* _INSTRUCTIONS TO FOLLOW_
Set down each line of the material that follows, exactly, with no pictures.

* _EXERCISE DATA_
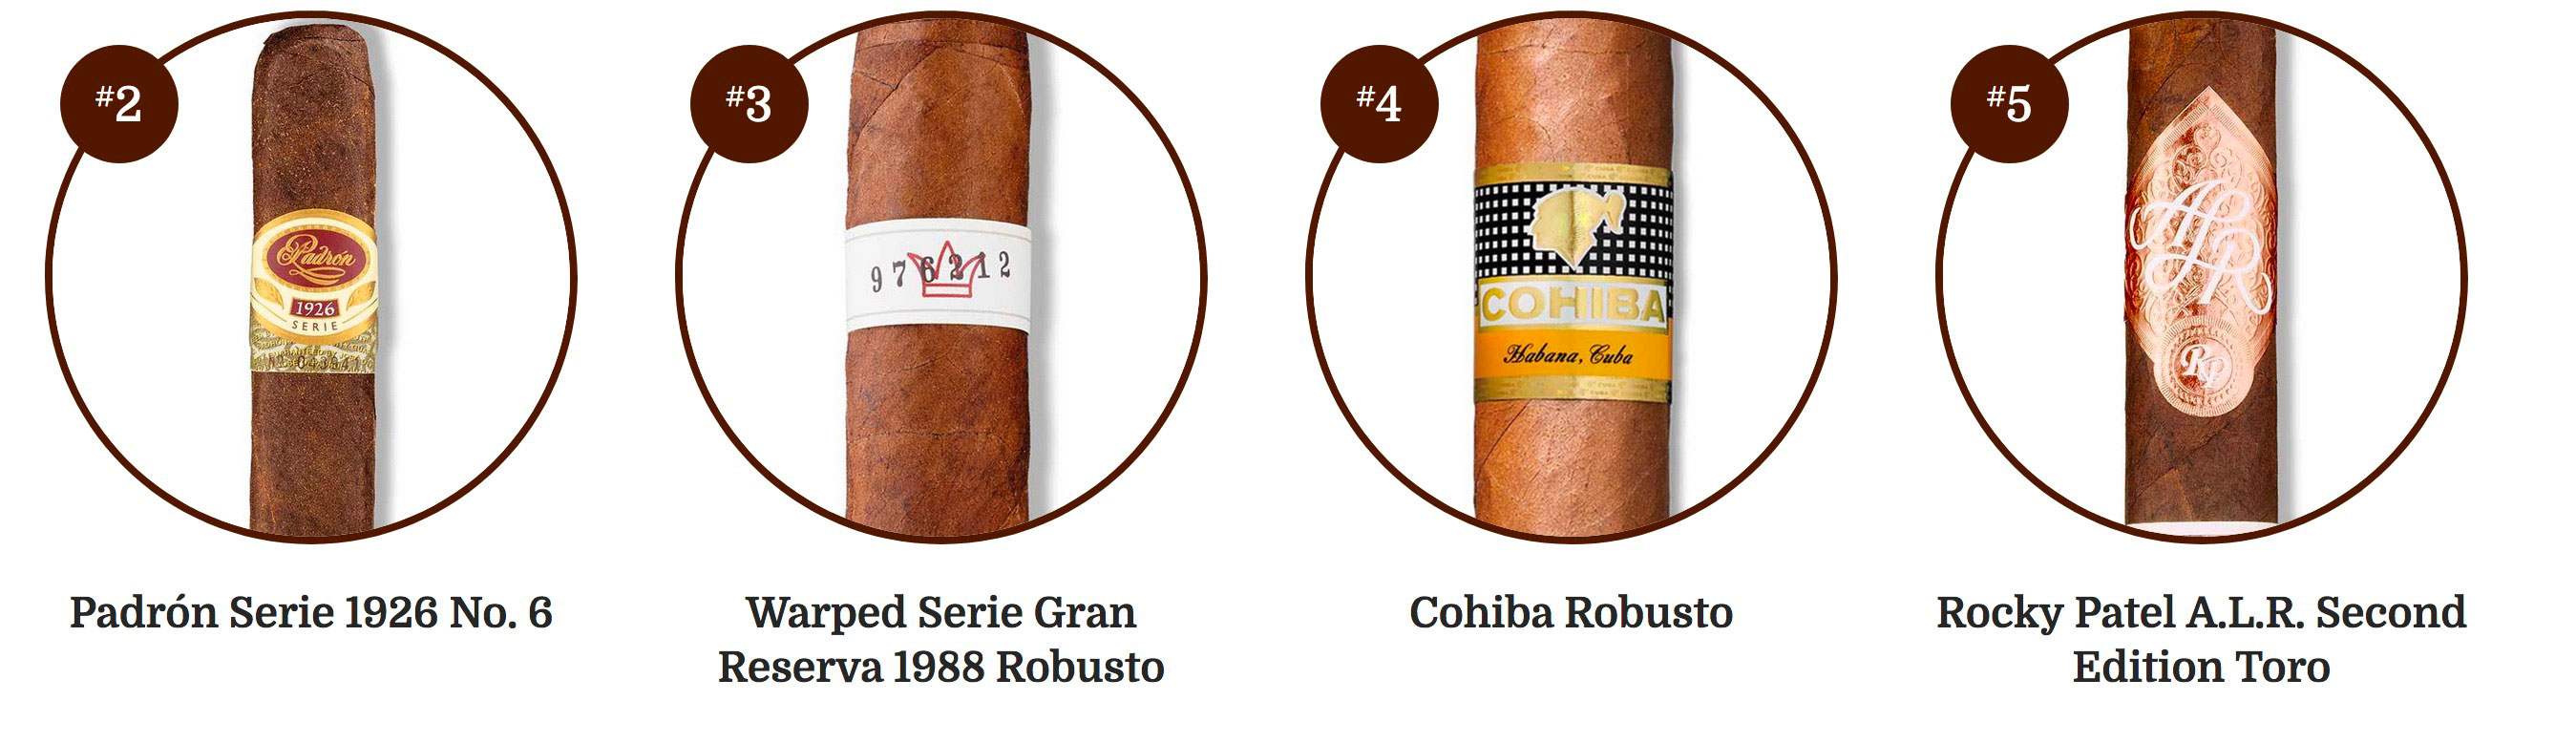 cigare cohiba esplendidos ciggar aficionado 2014
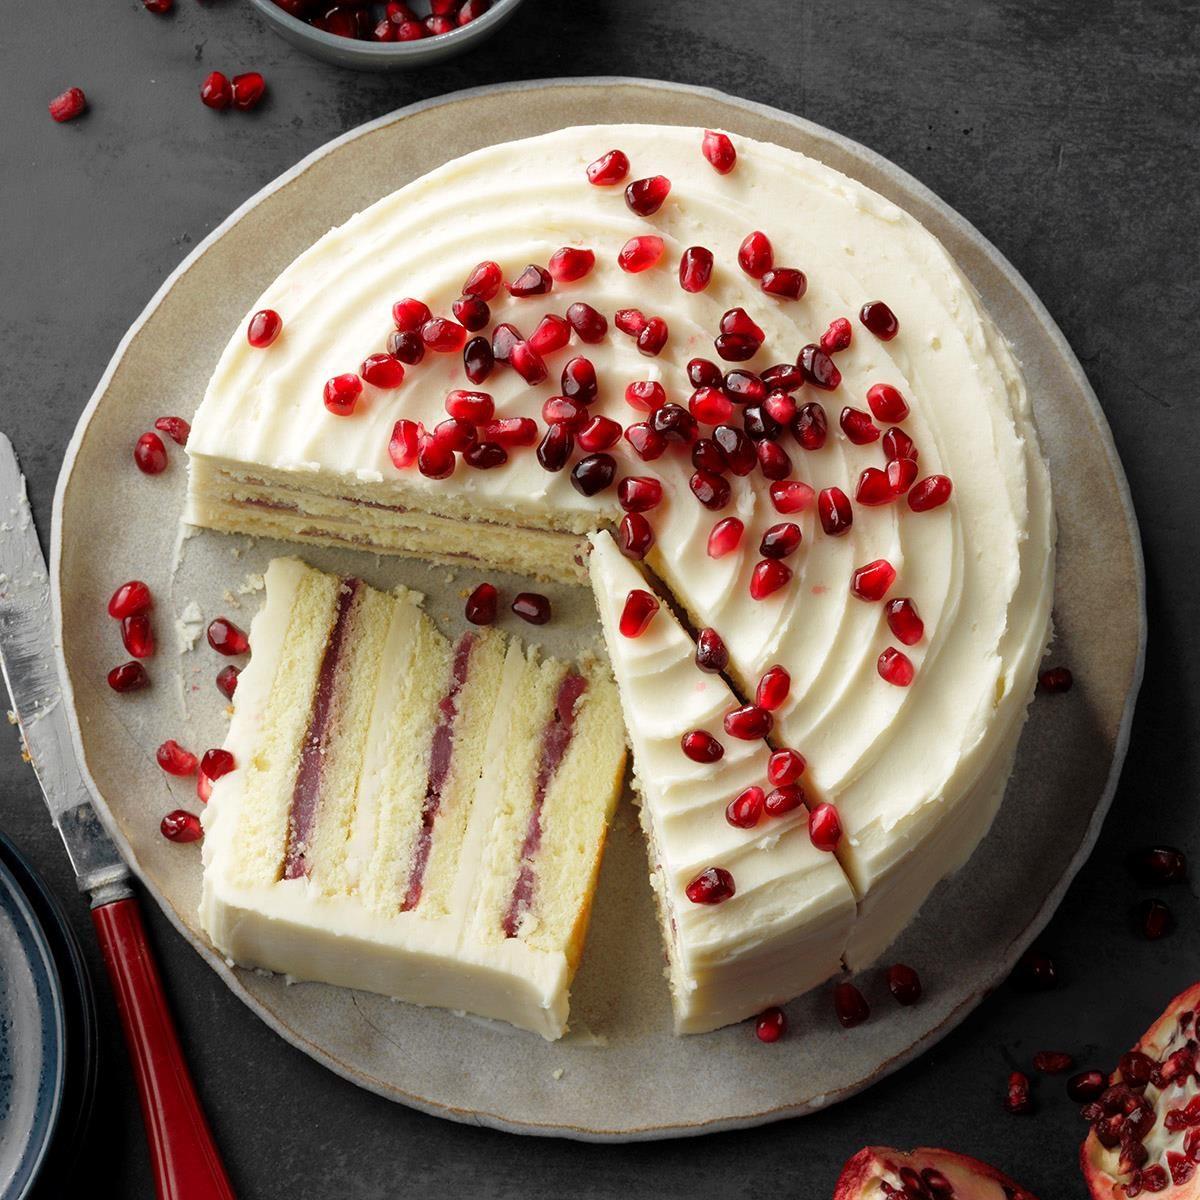 Oklahoma: Spiced Pomegranate-Pear Cake
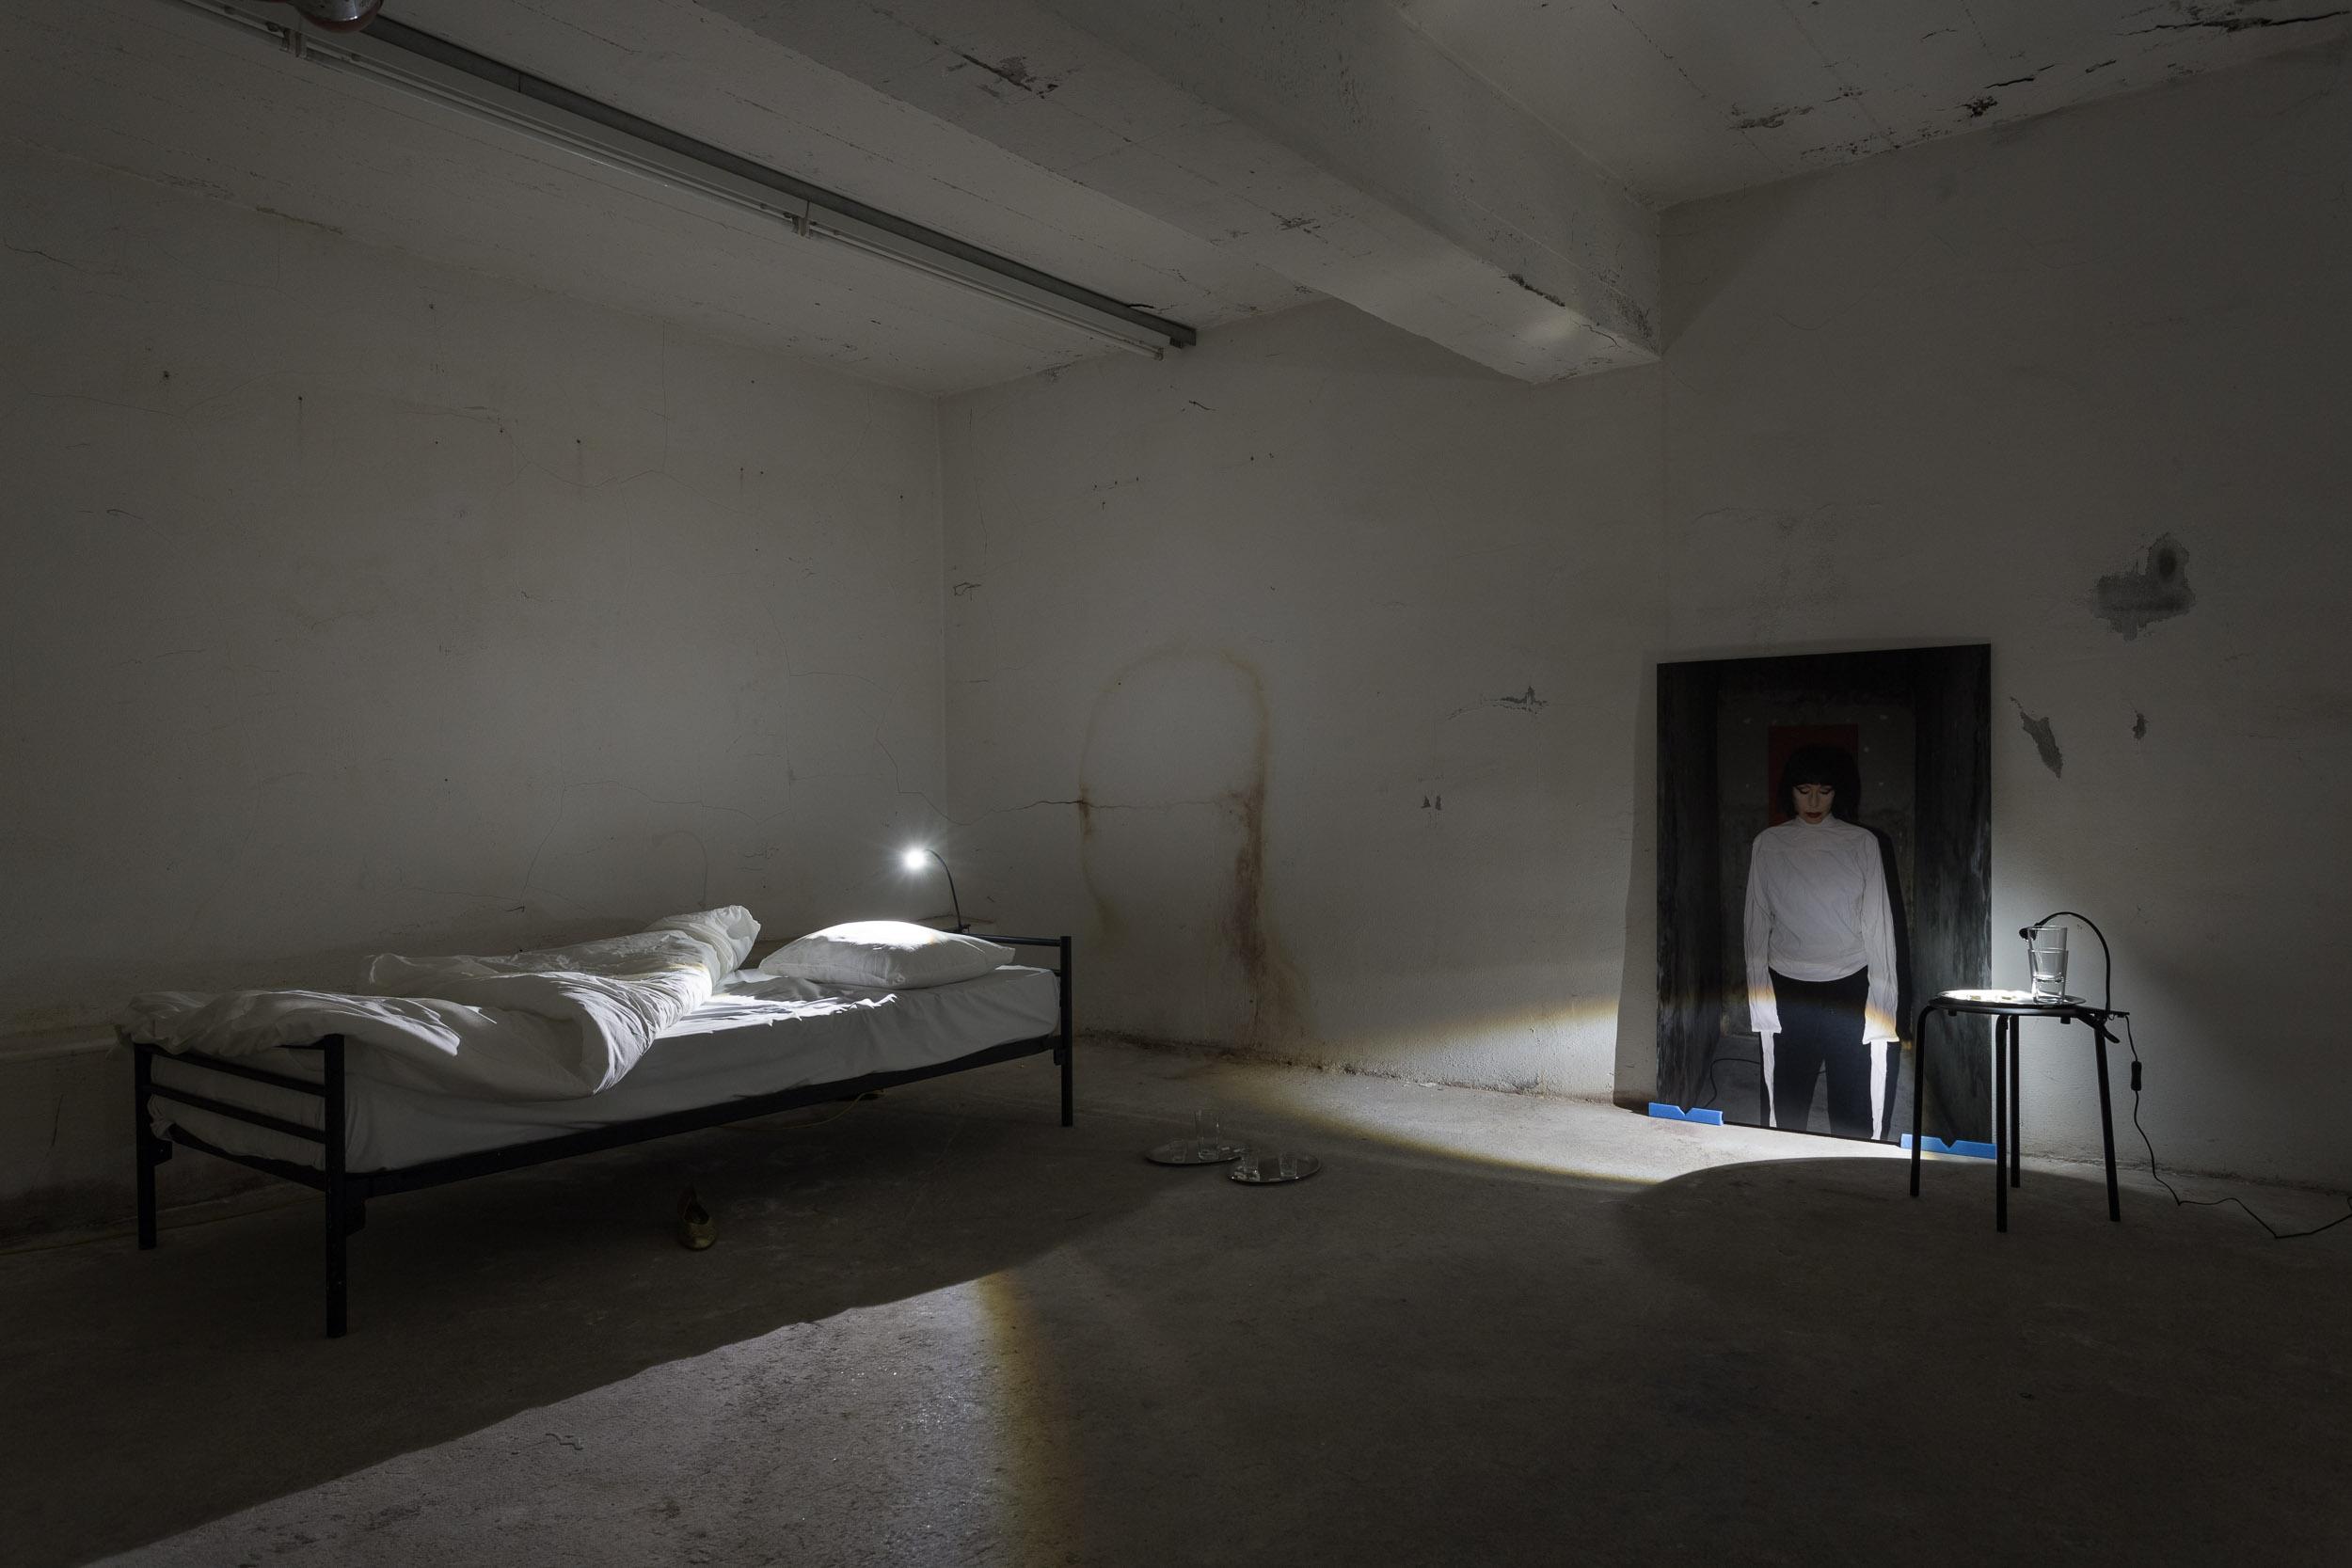 Manon,  Der Wachsaal,  2018, Room Installation, Dimension Variable  Installation view  Photo: Kilian Bannwart

* _EXERCISE ANSWER_
 cigare cohiba esplendidos ciggar aficionado 2014
 Oklahoma: Spiced Pomegranate-Pear Cake
 Manon,  Der Wachsaal,  2018, Room Installation, Dimension Variable  Installation view  Photo: Kilian Bannwart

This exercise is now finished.